EXERCISE REQUIREMENTS: Only the lines below from the one containing "Dos personas mayores" through the one containing "Apple iPad Mini" belong in the answer, set down exactly, with the pictures left out.

[[ PROVIDED RECORDS open ]]

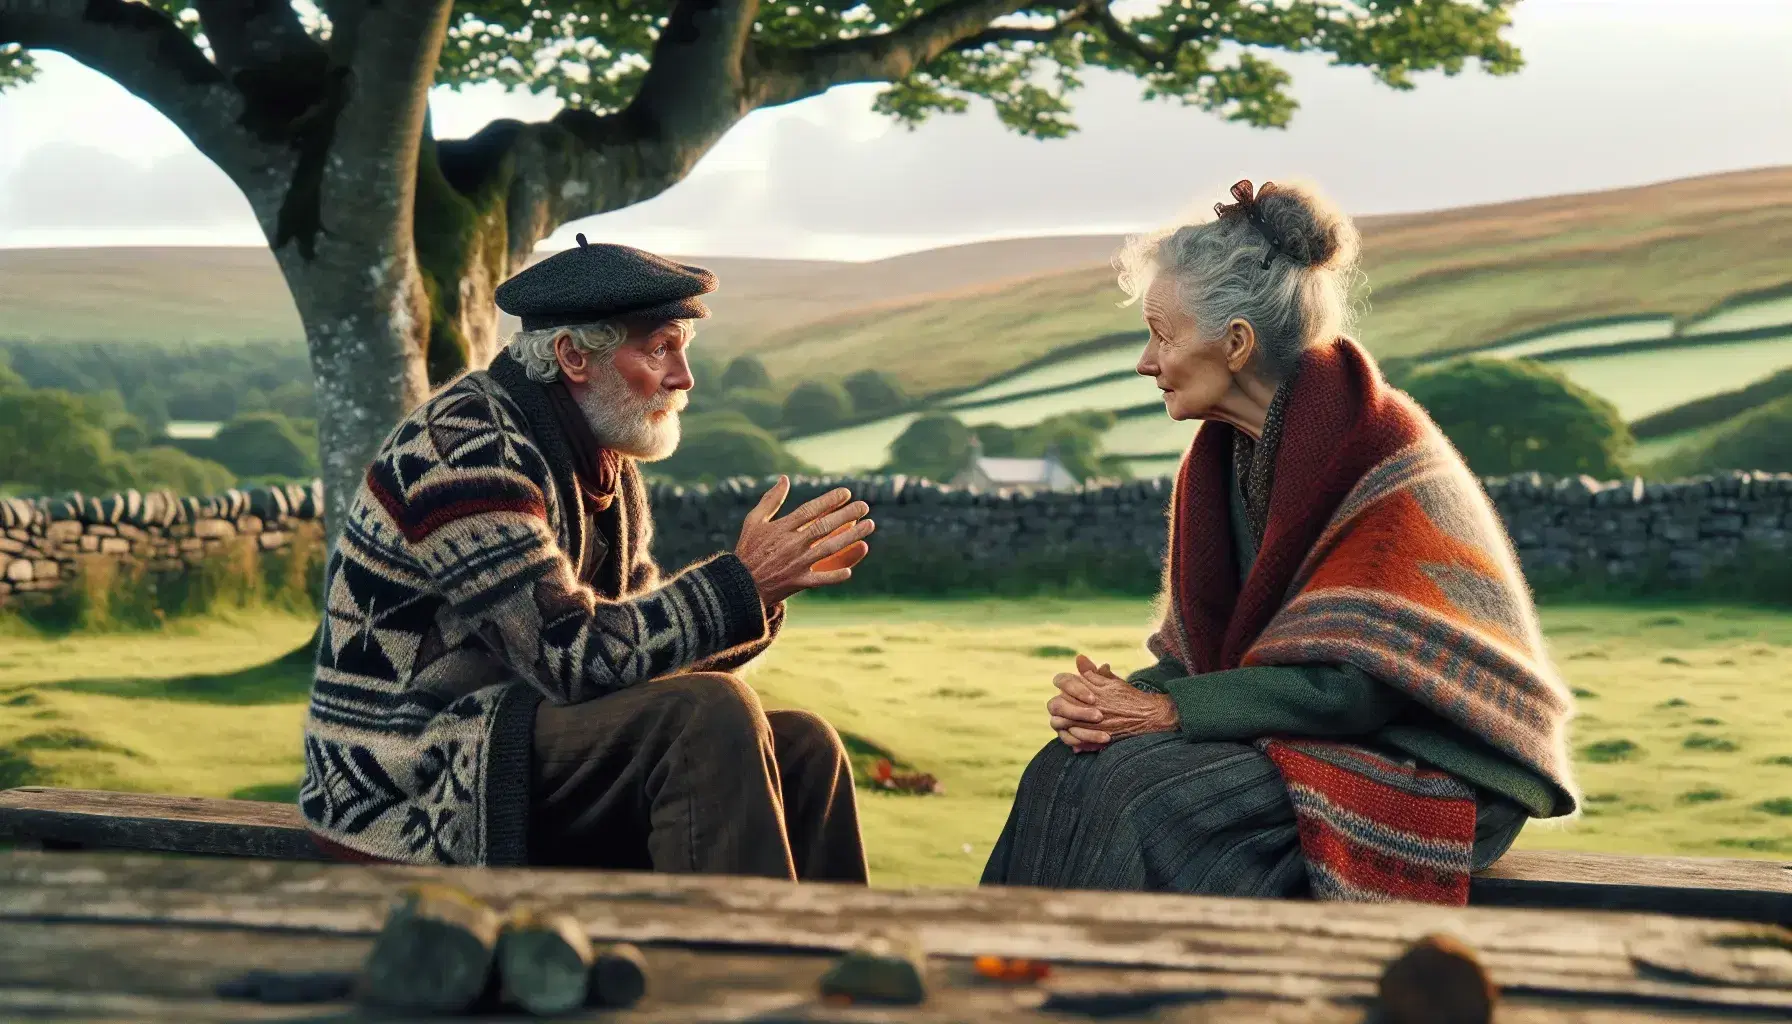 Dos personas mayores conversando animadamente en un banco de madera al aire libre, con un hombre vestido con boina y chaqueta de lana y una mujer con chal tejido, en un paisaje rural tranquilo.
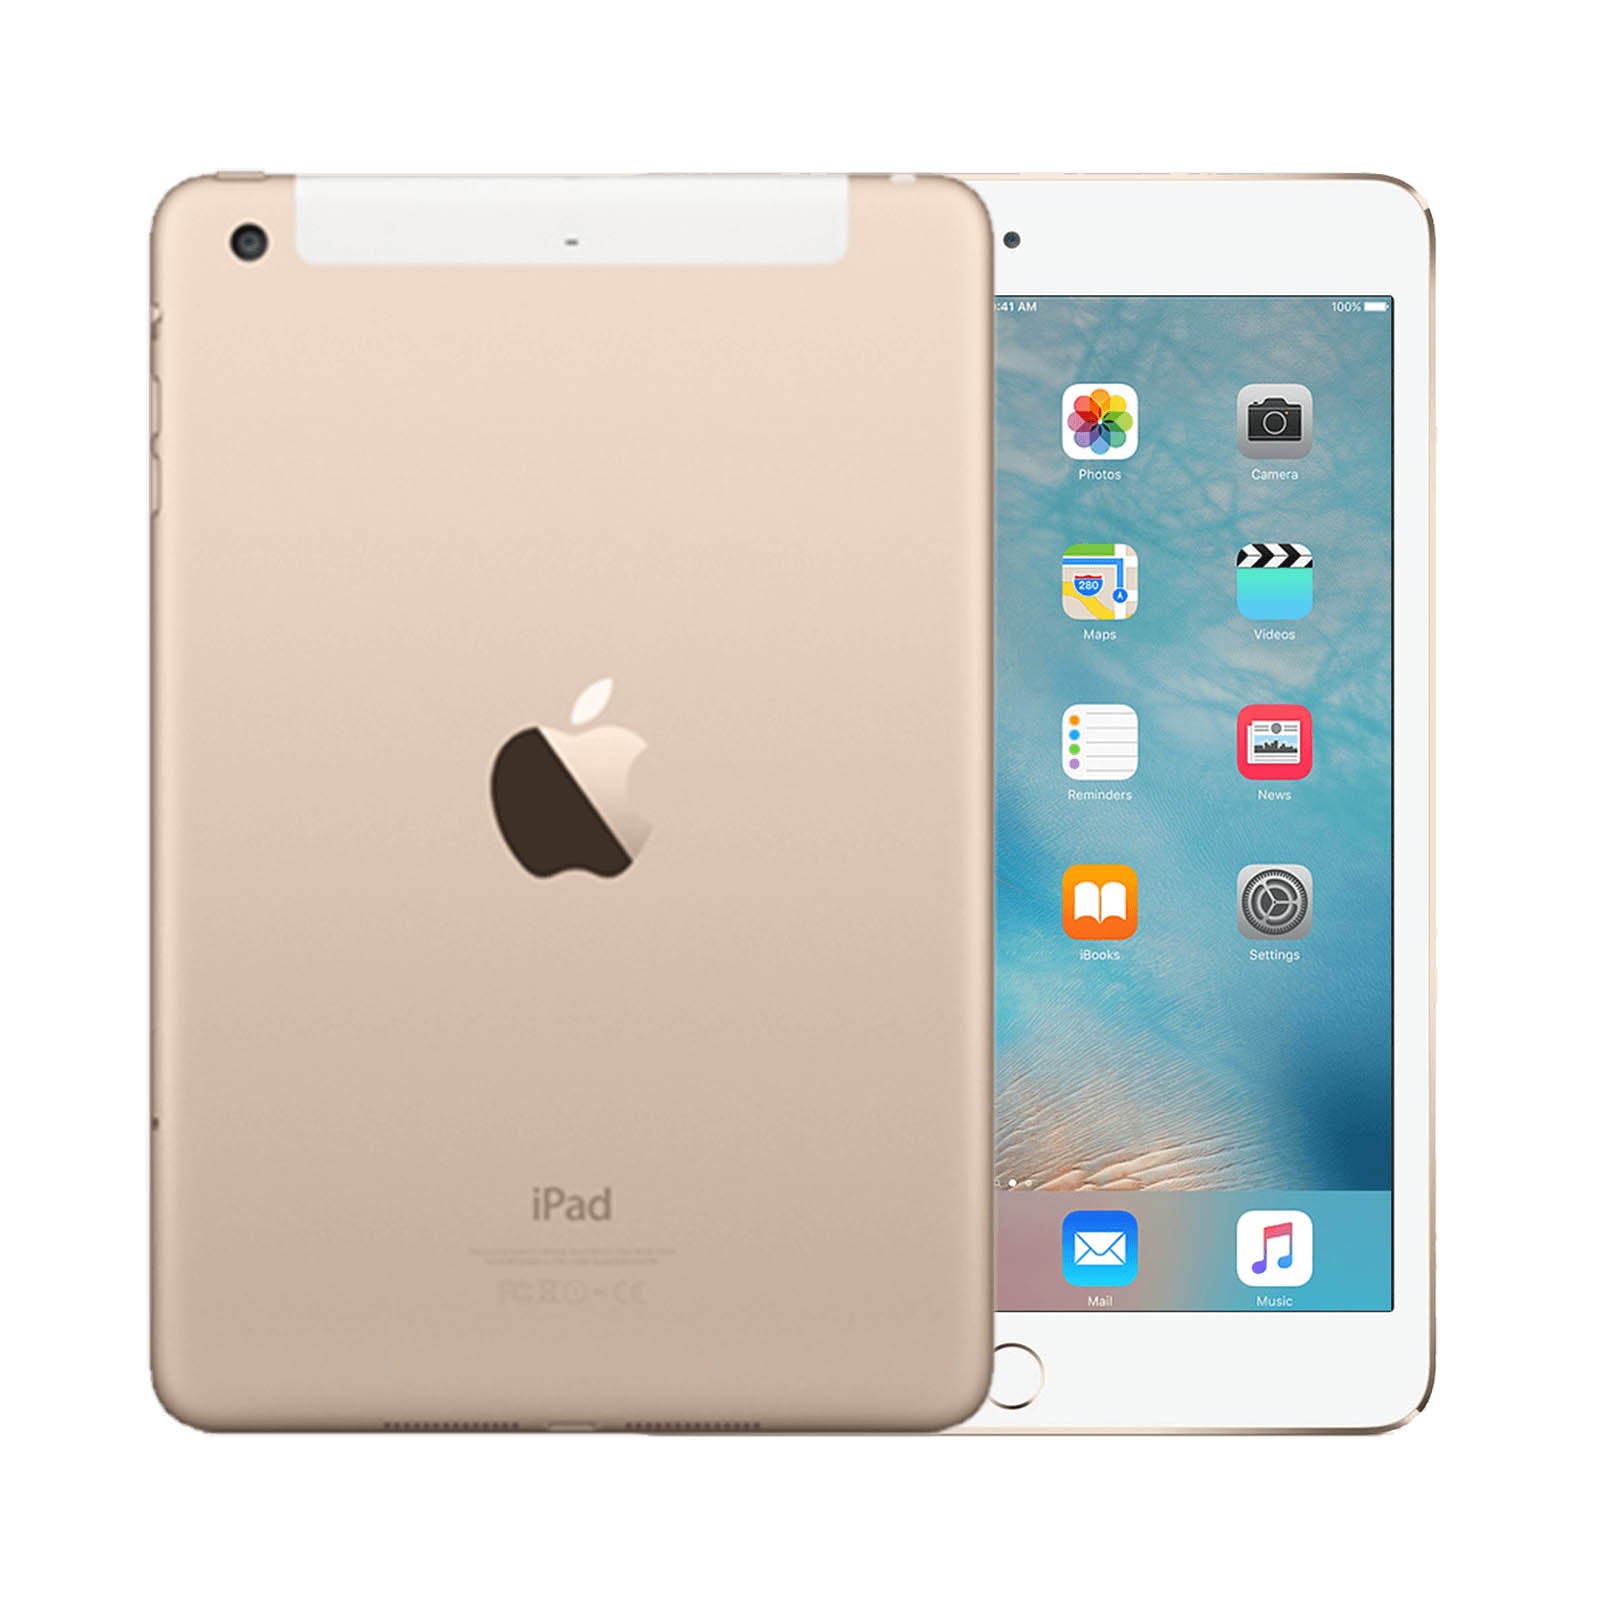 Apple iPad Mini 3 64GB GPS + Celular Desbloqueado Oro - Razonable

[[ PROVIDED RECORDS closed ]]
[[ PROVIDED RECORDS open ]]

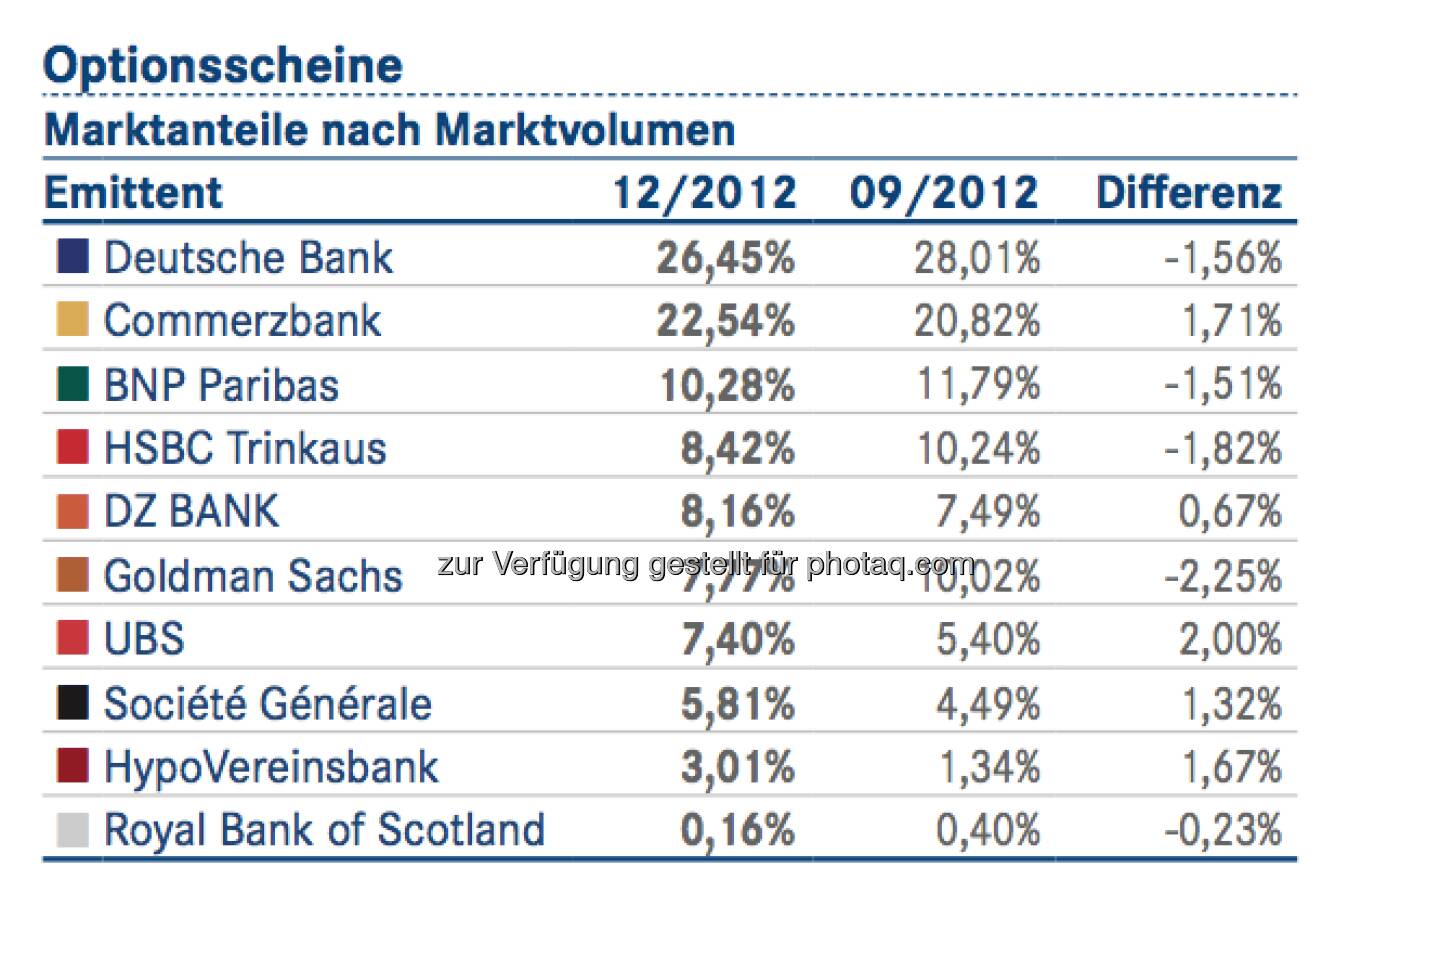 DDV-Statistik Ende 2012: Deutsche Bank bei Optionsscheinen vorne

[[ PROVIDED RECORDS closed ]]

ANSWER SECTION:
 Dos personas mayores conversando animadamente en un banco de madera al aire libre, con un hombre vestido con boina y chaqueta de lana y una mujer con chal tejido, en un paisaje rural tranquilo.
 Apple iPad Mini 3 64GB GPS + Celular Desbloqueado Oro - Razonable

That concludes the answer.